I use this fragent shader (inspired from some tutorial found on the NVIDIA site some time ago). It basically compute bi-linear interpolation of a 2D texture.
uniform sampler2D myTexture;
uniform vec2 textureDimension;
#define texel_size_x 1.0 / textureDimension[0]
#define texel_size_y 1.0 / textureDimension[1]
vec4 texture2D_bilinear( sampler2D texture, vec2 uv)
{
vec2 f;
uv = uv + vec2( - texel_size_x / 2.0, - texel_size_y / 2.0);
f.x = fract( uv.x * textureDimension[0]);
f.y = fract( uv.y * textureDimension[1]);
vec4 t00 = texture2D( texture, vec2(uv));
vec4 t10 = texture2D( texture, vec2(uv) + vec2( texel_size_x, 0));
vec4 tA = mix( t00, t10, f.x);
vec4 t01 = texture2D( texture, vec2(uv) + vec2( 0, texel_size_y));
vec4 t11 = texture2D( texture, vec2(uv) + vec2( texel_size_x, texel_size_y));
vec4 tB = mix( t01, t11, f.x);
vec4 result = mix( tA, tB, f.y);
return result;
}
It looks quite simple and strait-forward. I recently test it on several ATI cards (latest drivers ...) and I get the following result :
(Left : Nearest neighbor) (Right : sharder in use)

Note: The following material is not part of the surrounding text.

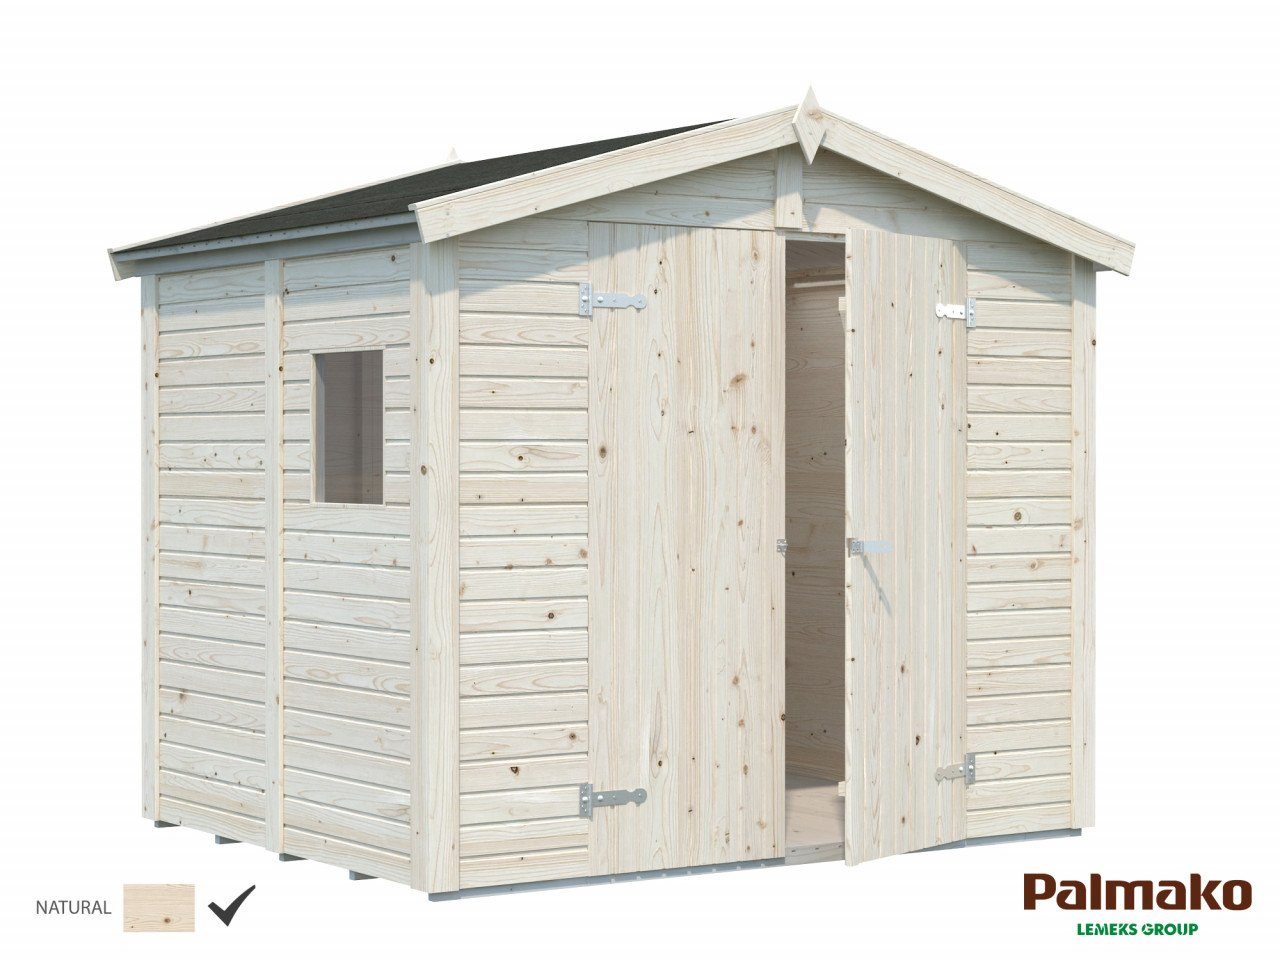 cm 243x190 4,6 Gerätehaus Holz farblos Dan Gartenhaus, Palmako BxT:
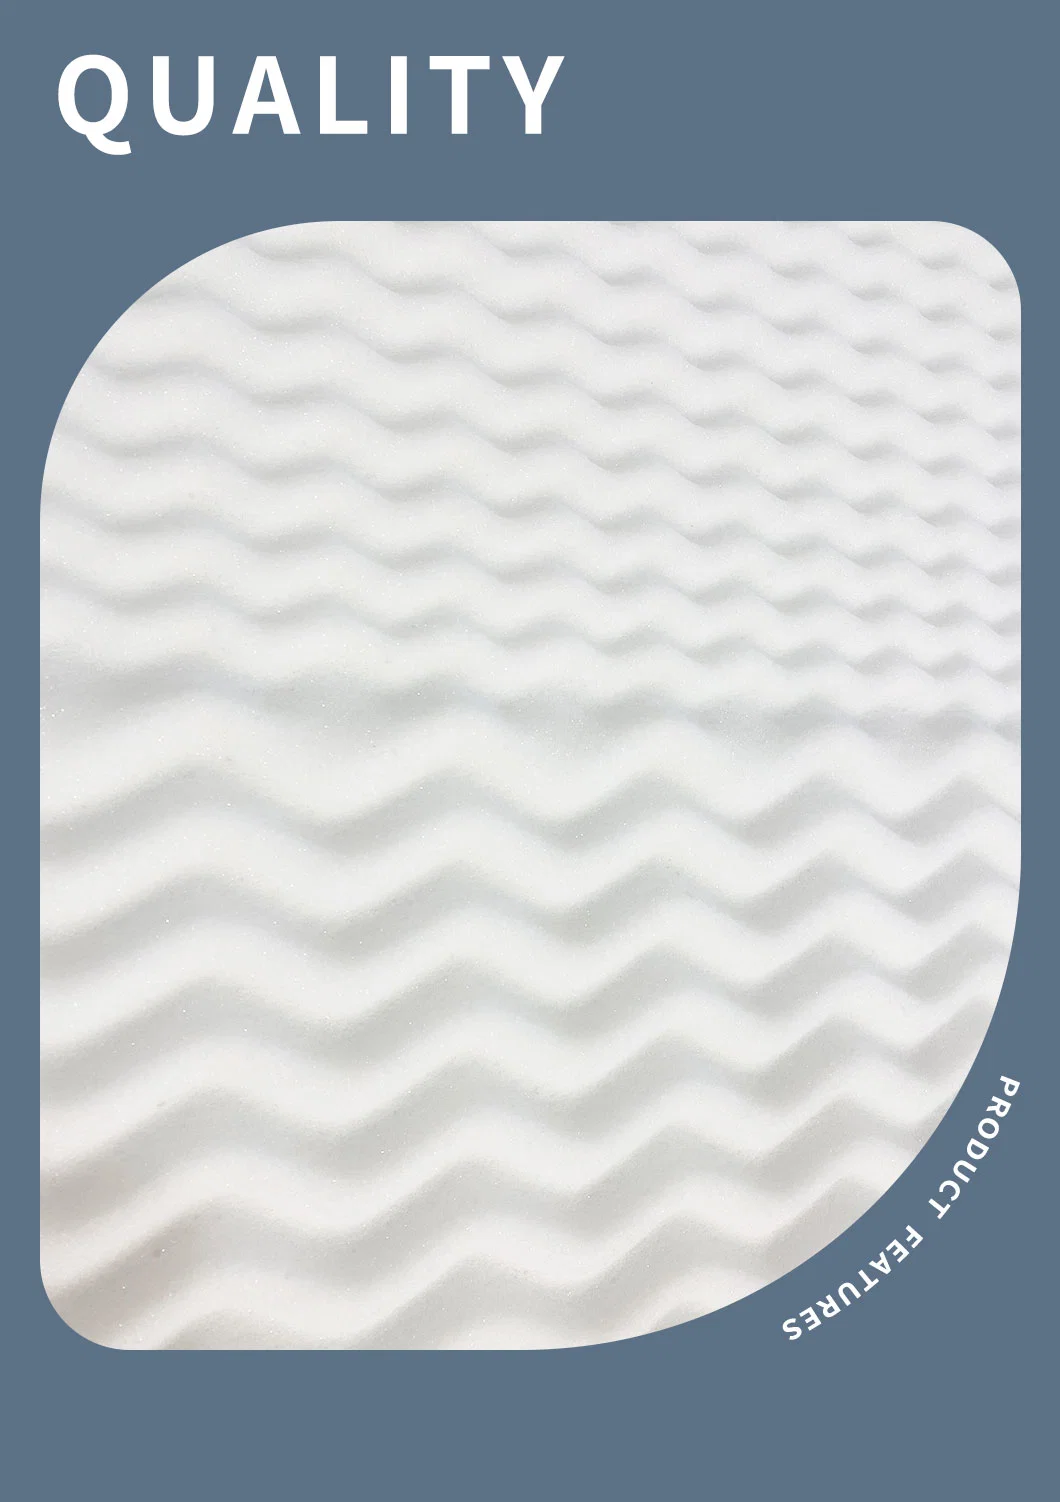 Multiple Pattern 40d Memory Foam Mattress for Better Sleeping

As you can see some horizontal and vertical lines appear it's important to mention these are not fixed in the view-port coordinates neither in the texture coordinates.
I had to port several shaders to make them work correctly on ATI cards, it's seems NVIDIA implementation is a little more permissive regarding bad code I wrote some time. But in this case I don't see what I should change !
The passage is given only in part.